• _PROBLEM STATEMENT_
Exact reproduction of all the data is required, with pictures excluded.
---------- DATASET CONTENT ----------
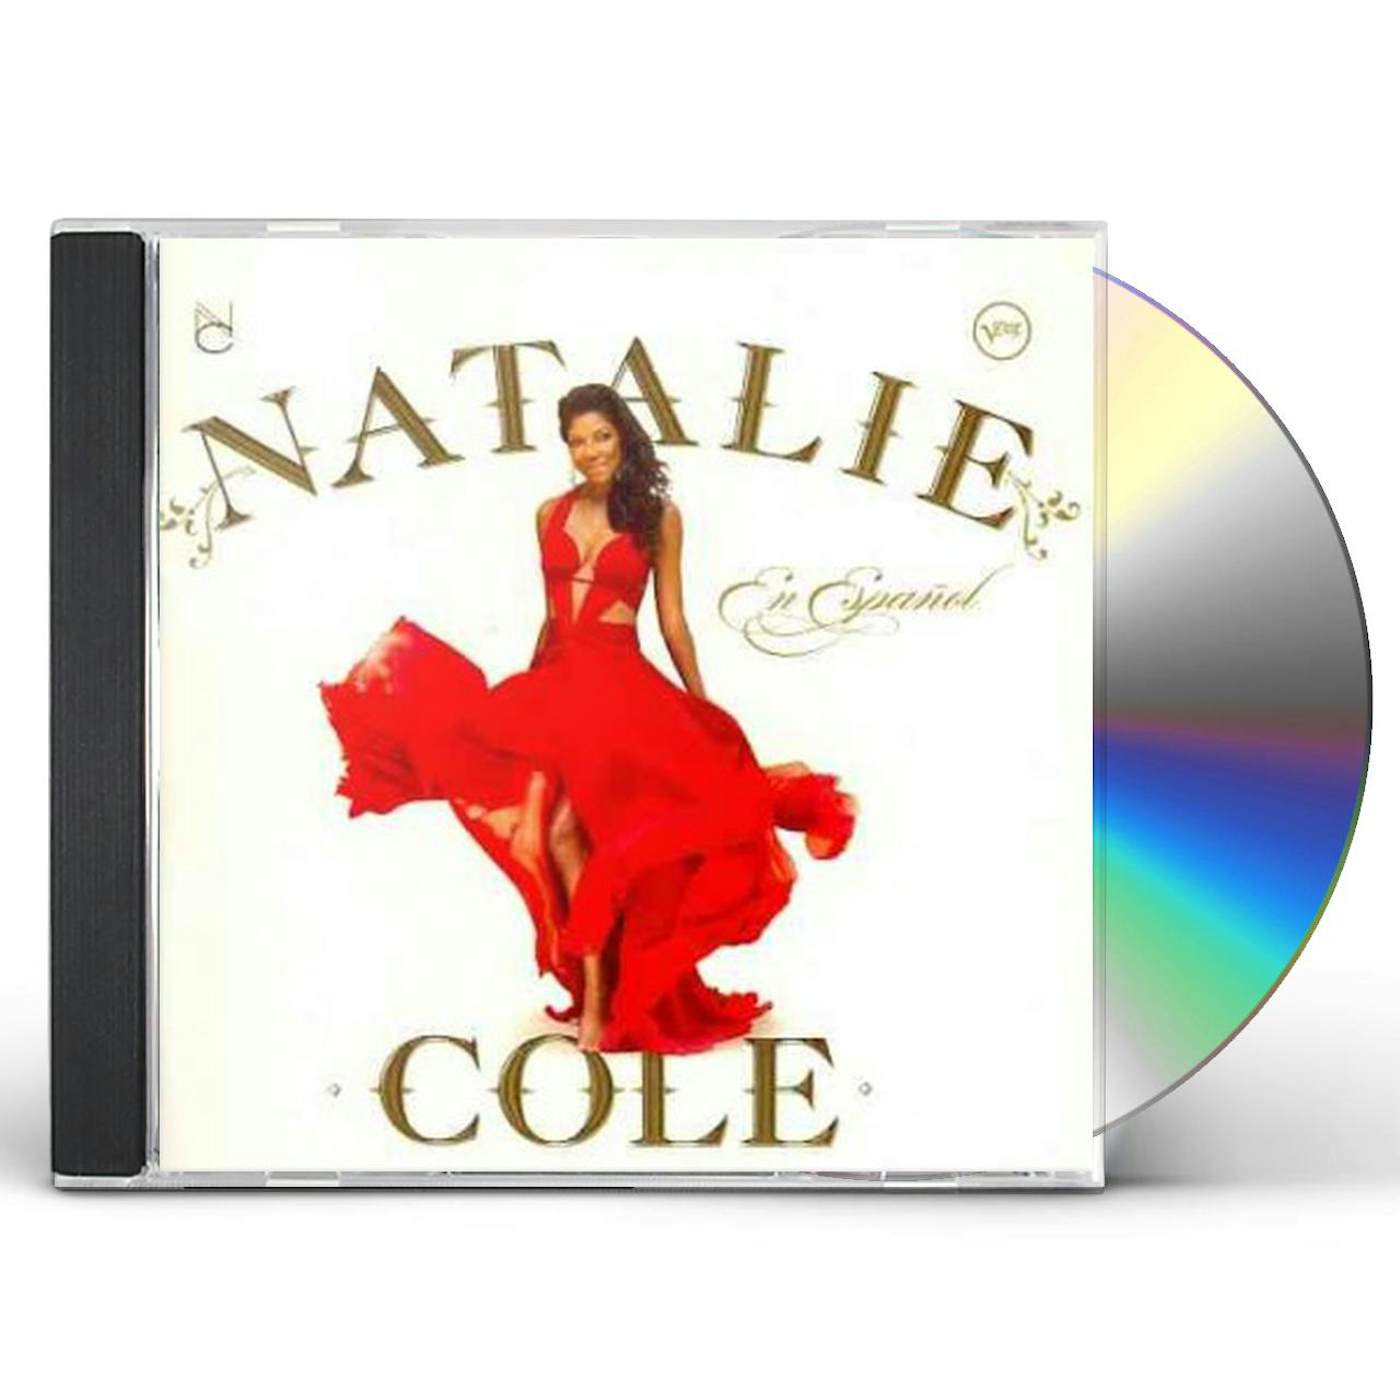 NATALIE COLE EN ESPANOL CD
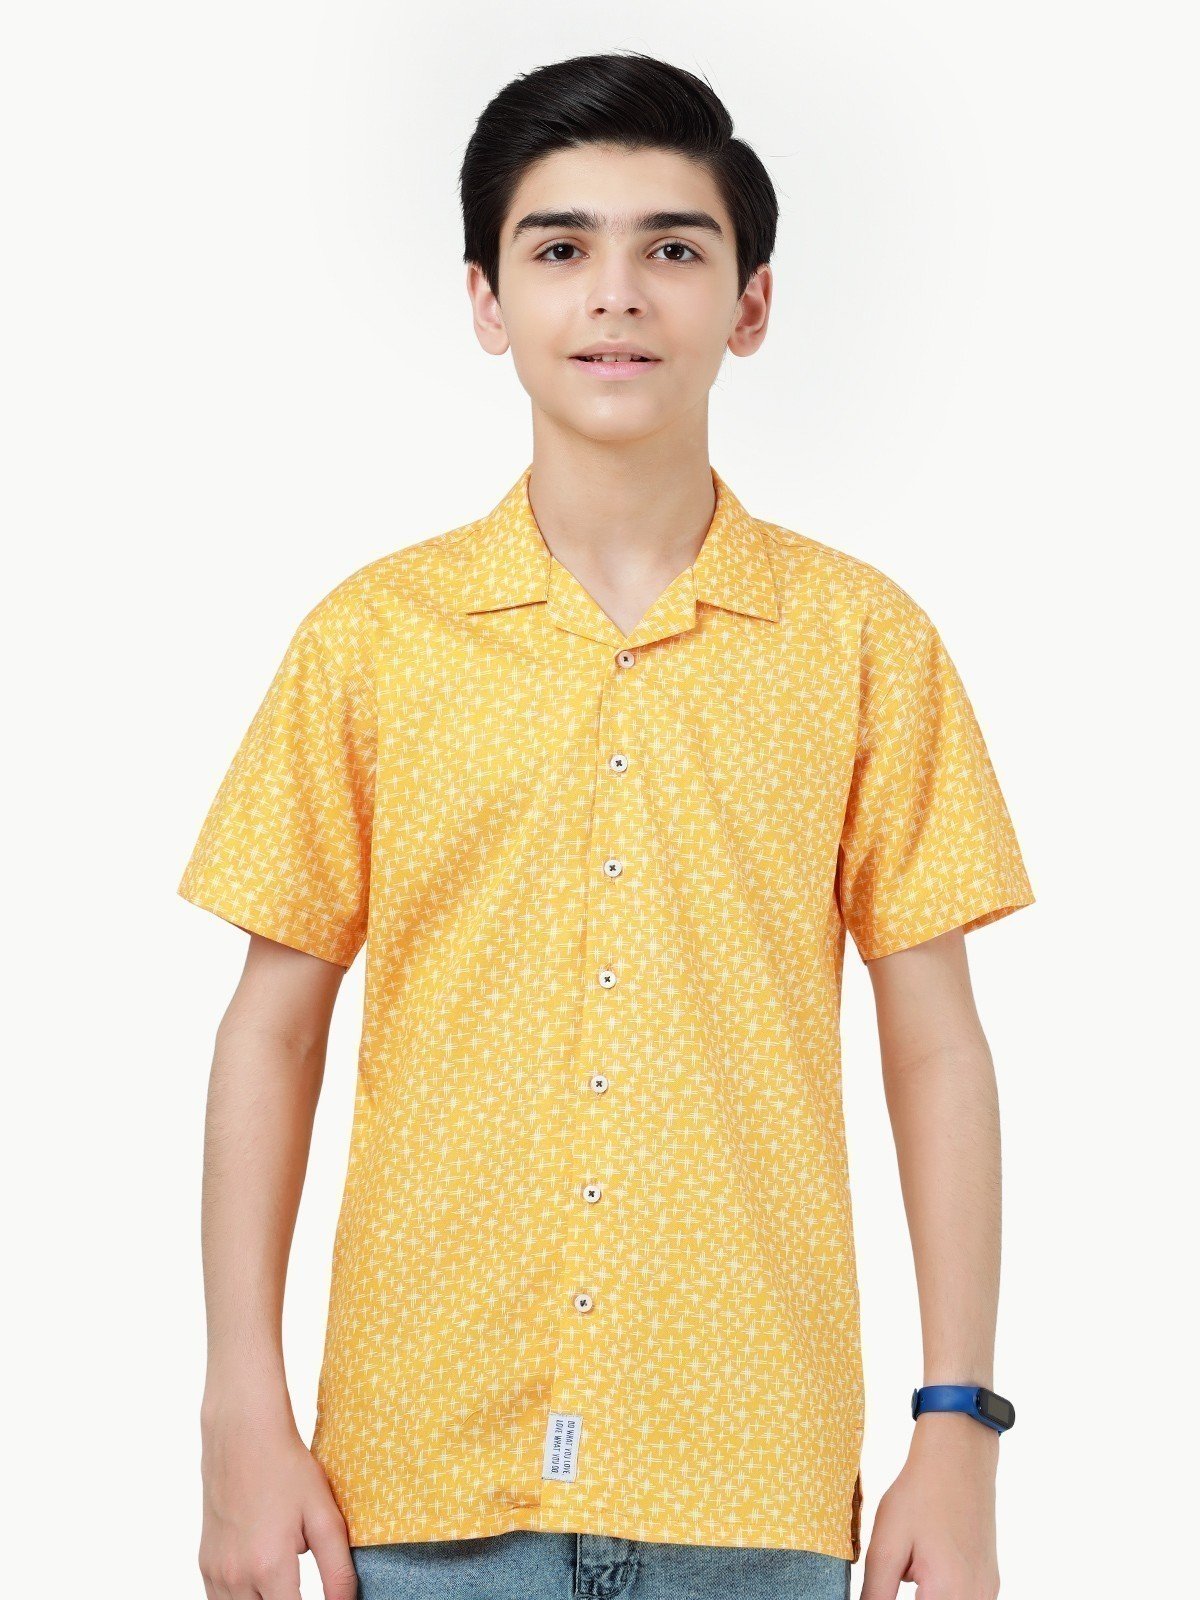 Boy's Yellow Shirt - EBTS22-27419
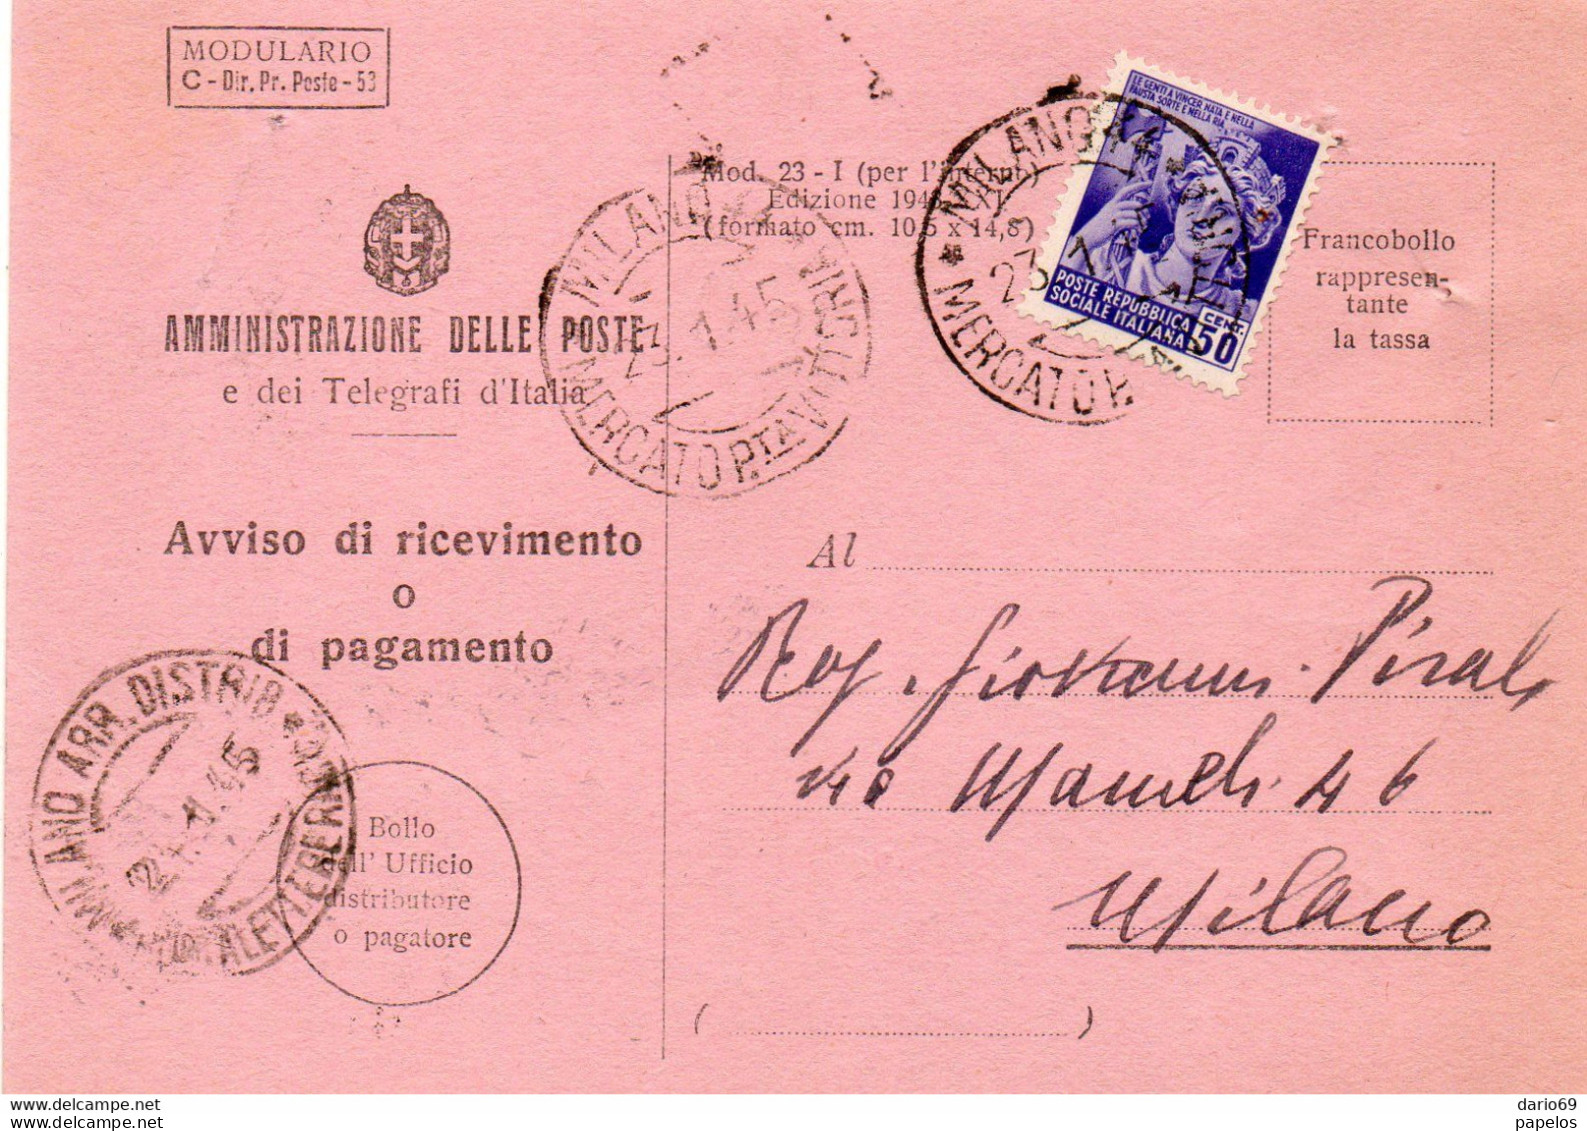 1945 RICEVUTA DI RITORNO CON ANNULLO MILANO MRCATO - Storia Postale
----------
• _SOLUTION FOR THIS EXERCISE_
 NATALIE COLE EN ESPANOL CD
 Boy's Yellow Shirt - EBTS22-27419
 1945 RICEVUTA DI RITORNO CON ANNULLO MILANO MRCATO - Storia Postale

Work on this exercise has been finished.